La crisis por el sargazo en el Caribe mexicano alcanzó su punto más crítico en 2026. Frente al arribo histórico de la macroalga que amenaza las playas, el turismo y la economía de Quintana Roo, el Gobierno de México anunció una estrategia sin precedentes con una inversión de 2 mil 635 millones de pesos para frenar el problema antes de que llegue a la costa.
Durante la conferencia matutina, la presidenta Claudia Sheinbaum presentó el plan acompañada por el secretario de Marina, Raymundo Morales Ángeles, la gobernadora de Quintana Roo, Mara Lezama, integrantes del gabinete y representantes del sector hotelero.
El proyecto contempla, en una primera etapa, la adquisición de dos remolcadores, seis embarcaciones sargaceras costeras y la instalación de 50 kilómetros de barreras de contención en las zonas más afectadas de Cancún, Playa del Carmen, Tulum, Puerto Morelos y Mahahual.
“Lo importante es capturarlo en el mar para su reciclaje y evitar que llegue a las playas”, afirmó Sheinbaum al destacar que el objetivo es cambiar por completo la estrategia de combate al sargazo.
Actualmente México cuenta con apenas dos grandes buques sargaceros.
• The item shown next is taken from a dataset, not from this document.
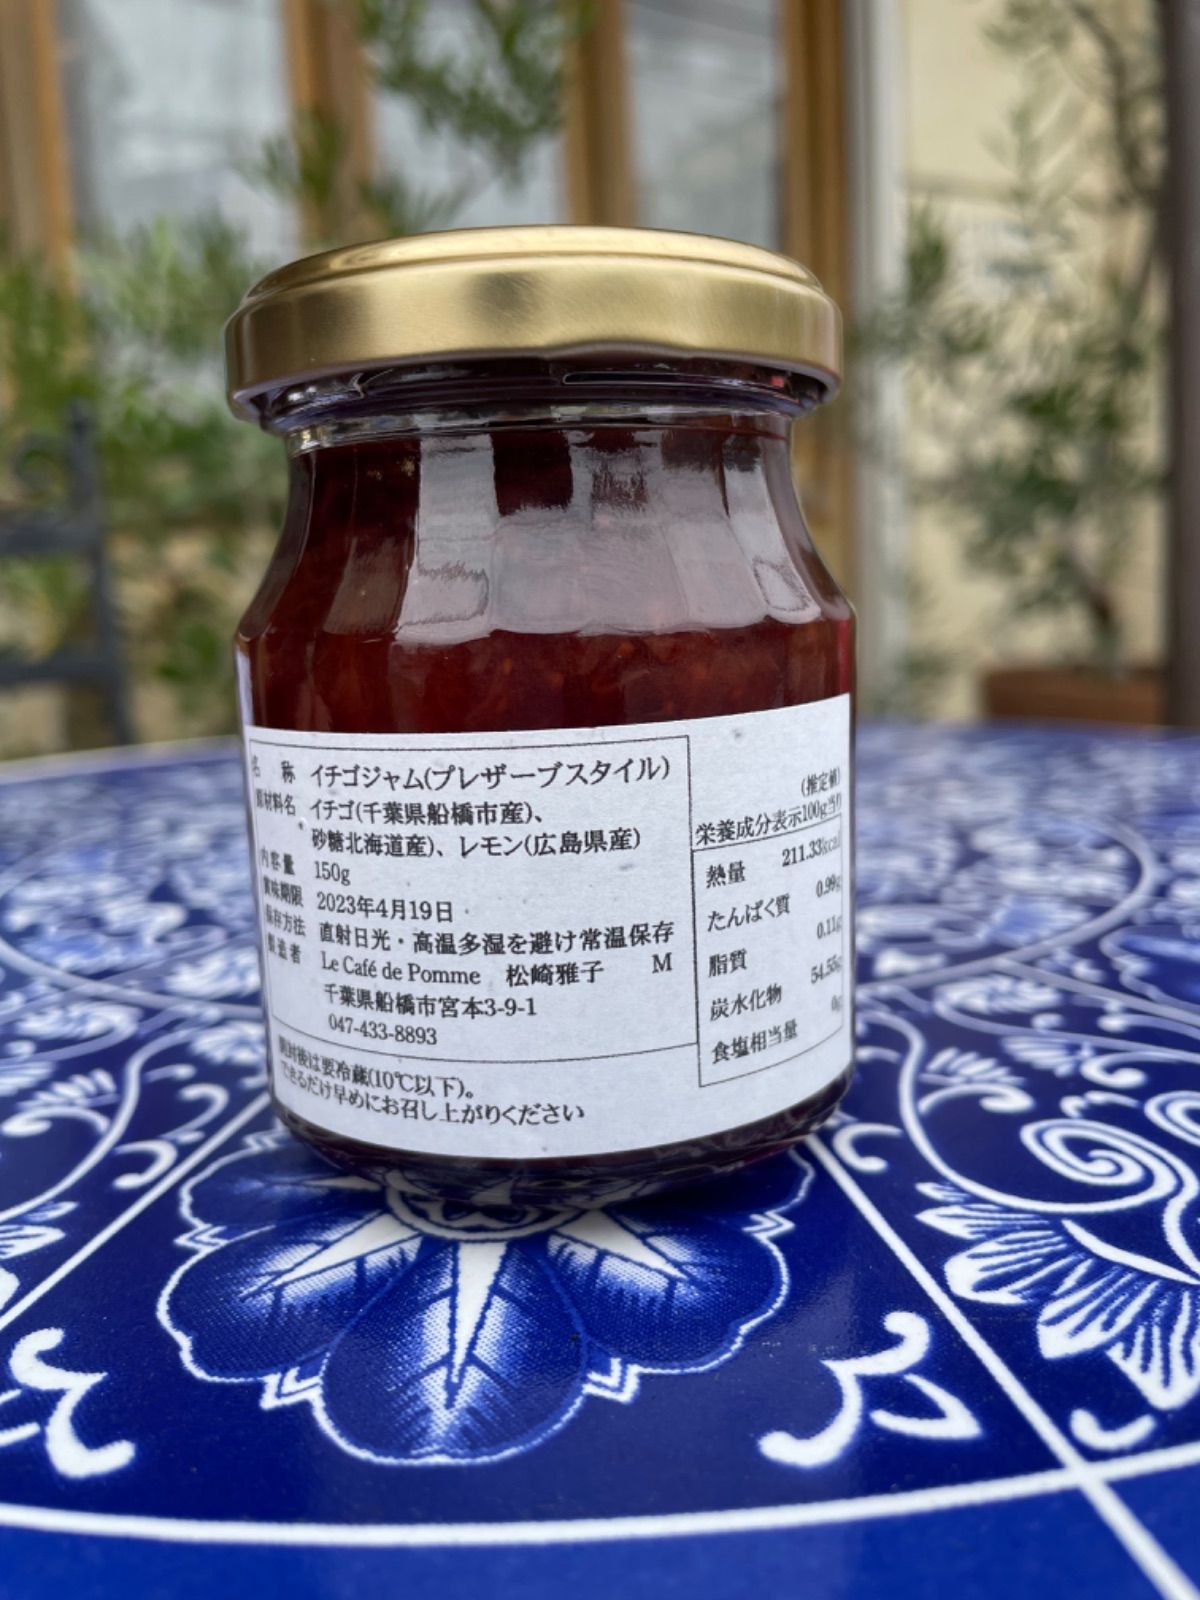 【Le cafe de pomme×市立船橋】pommeセット-2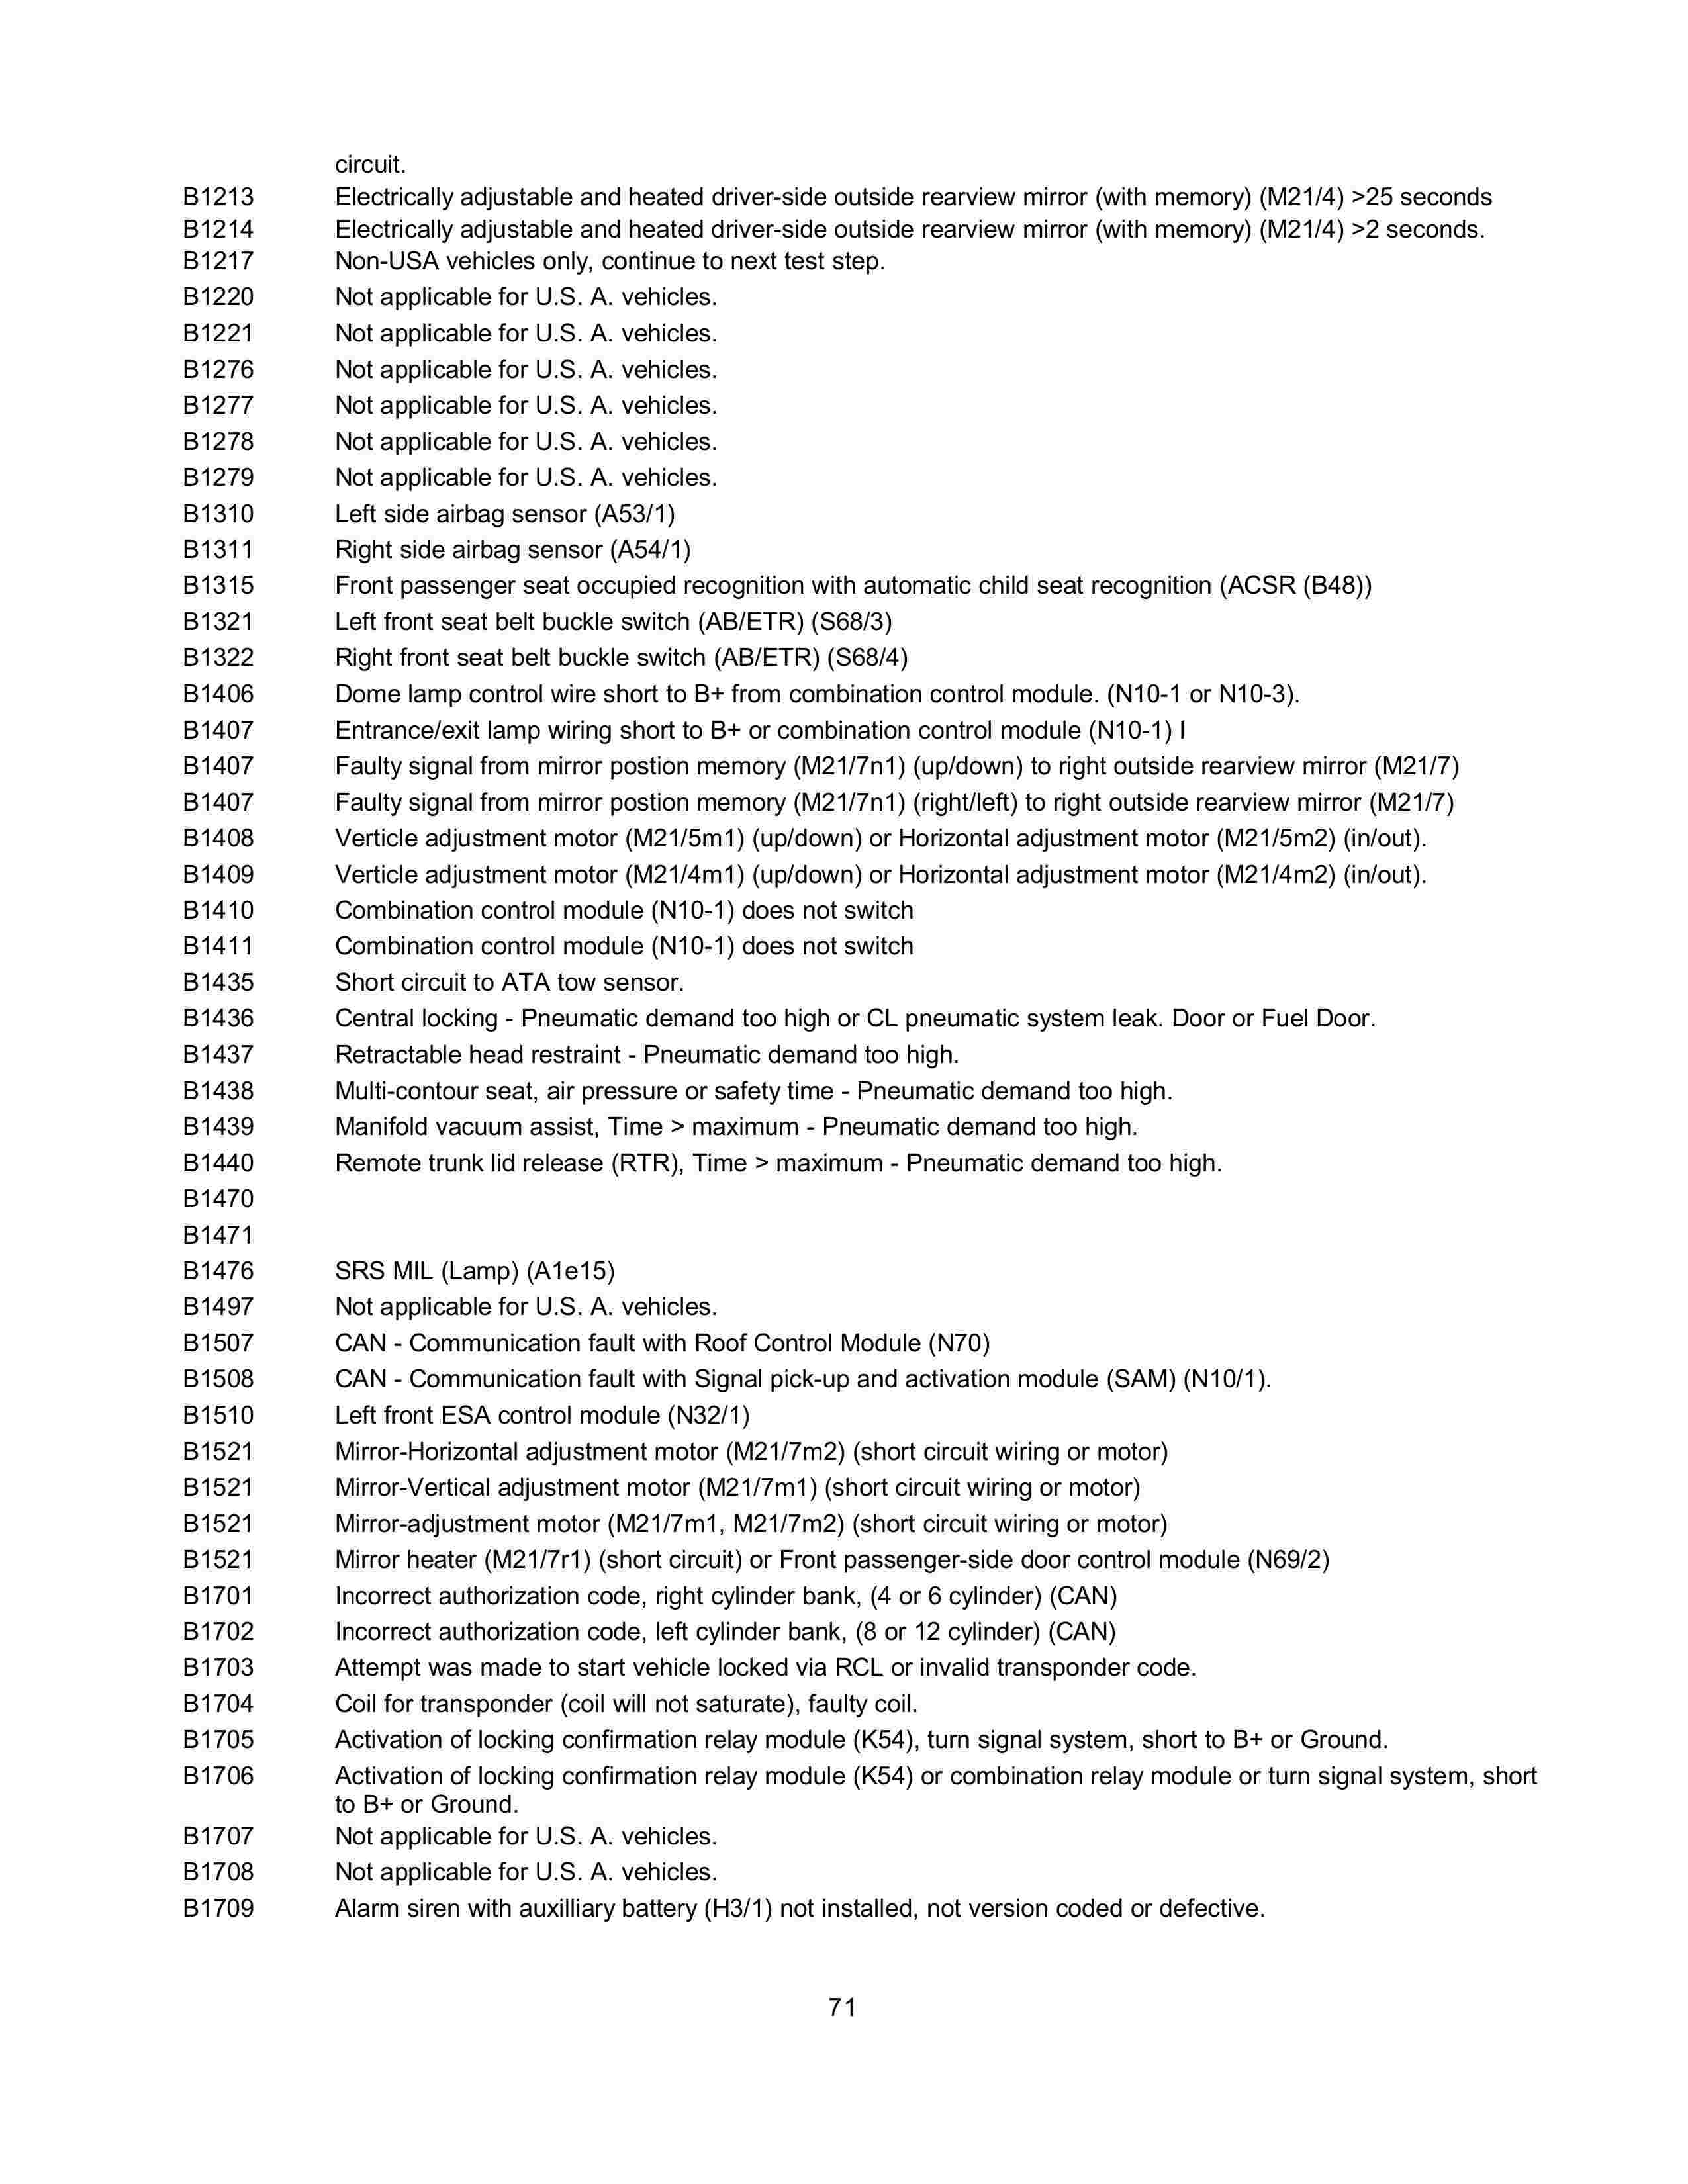 Lista de Códigos de falhas (fault codes) Mercedes-Benz 007112

Uno ya opera en el Caribe, mientras que el segundo se encuentra cruzando el Canal de Panamá para incorporarse a las labores de recolección.
México busca duplicar su capacidad de recolección
Con las nuevas embarcaciones, el Gobierno federal pretende elevar la capacidad de recolección hasta 4 mil toneladas diarias para 2027.
Hoy el país puede retirar alrededor de mil 227 toneladas al día en el mar y otras 950 toneladas en playas, una cifra que las autoridades consideran insuficiente frente al volumen récord registrado este año.
De acuerdo con la Secretaría de Marina, durante 2026 ya se han recolectado 96 mil toneladas de sargazo, la cifra más alta desde que existen registros oficiales.
El problema radica en que solo el 16% del sargazo se captura antes de tocar tierra, mientras que el resto termina cubriendo las playas, donde comienza a descomponerse, libera gases, contamina la arena con metales pesados y afecta gravemente la imagen turística del Caribe mexicano.
El turismo ya resiente el impacto
El crecimiento histórico del sargazo ya comienza a reflejarse en la actividad turística.
En la primera mitad del año, el Aeropuerto Internacional de Cancún registró una disminución de 724 mil pasajeros nacionales e internacionales respecto a las expectativas.
Especialistas señalan que la caída responde a varios factores, entre ellos el tipo de cambio, la reducción de asientos disponibles y la presencia masiva del sargazo.
Incluso estudios recientes estiman que una playa afectada por esta macroalga puede provocar una reducción cercana al 11% en la actividad económica local, cuyos efectos pueden prolongarse durante un año.

Del problema ambiental a la economía circular
Además de retirar el sargazo, el Gobierno busca convertirlo en una oportunidad.
Fonatur, Semarnat y la Secretaría de Ciencia trabajarán junto con la iniciativa privada para procesar la macroalga en centros especializados y transformarla en biofertilizantes, biocarbón y biogás, impulsando un modelo de economía circular.
A ello se suma el desarrollo del Sargapanel, un material de construcción elaborado con sargazo impulsado por investigadores de la UNAM, que podría convertirse en una alternativa para aprovechar parte del enorme volumen recolectado.
Una amenaza que sigue creciendo
Aunque los científicos aún investigan las causas exactas del fenómeno, el calentamiento del océano, junto con cambios en las corrientes marinas y el exceso de nutrientes provenientes de grandes ríos sudamericanos y africanos, aparecen entre las principales explicaciones del crecimiento explosivo del sargazo.
Mientras tanto, las autoridades mexicanas preparan una cumbre internacional sobre el sargazo que se celebrará en octubre en Cancún con la participación de países del Caribe y Brasil, con el objetivo de coordinar una estrategia regional frente a un problema que ya afecta a gran parte del Caribe y al sur de Florida.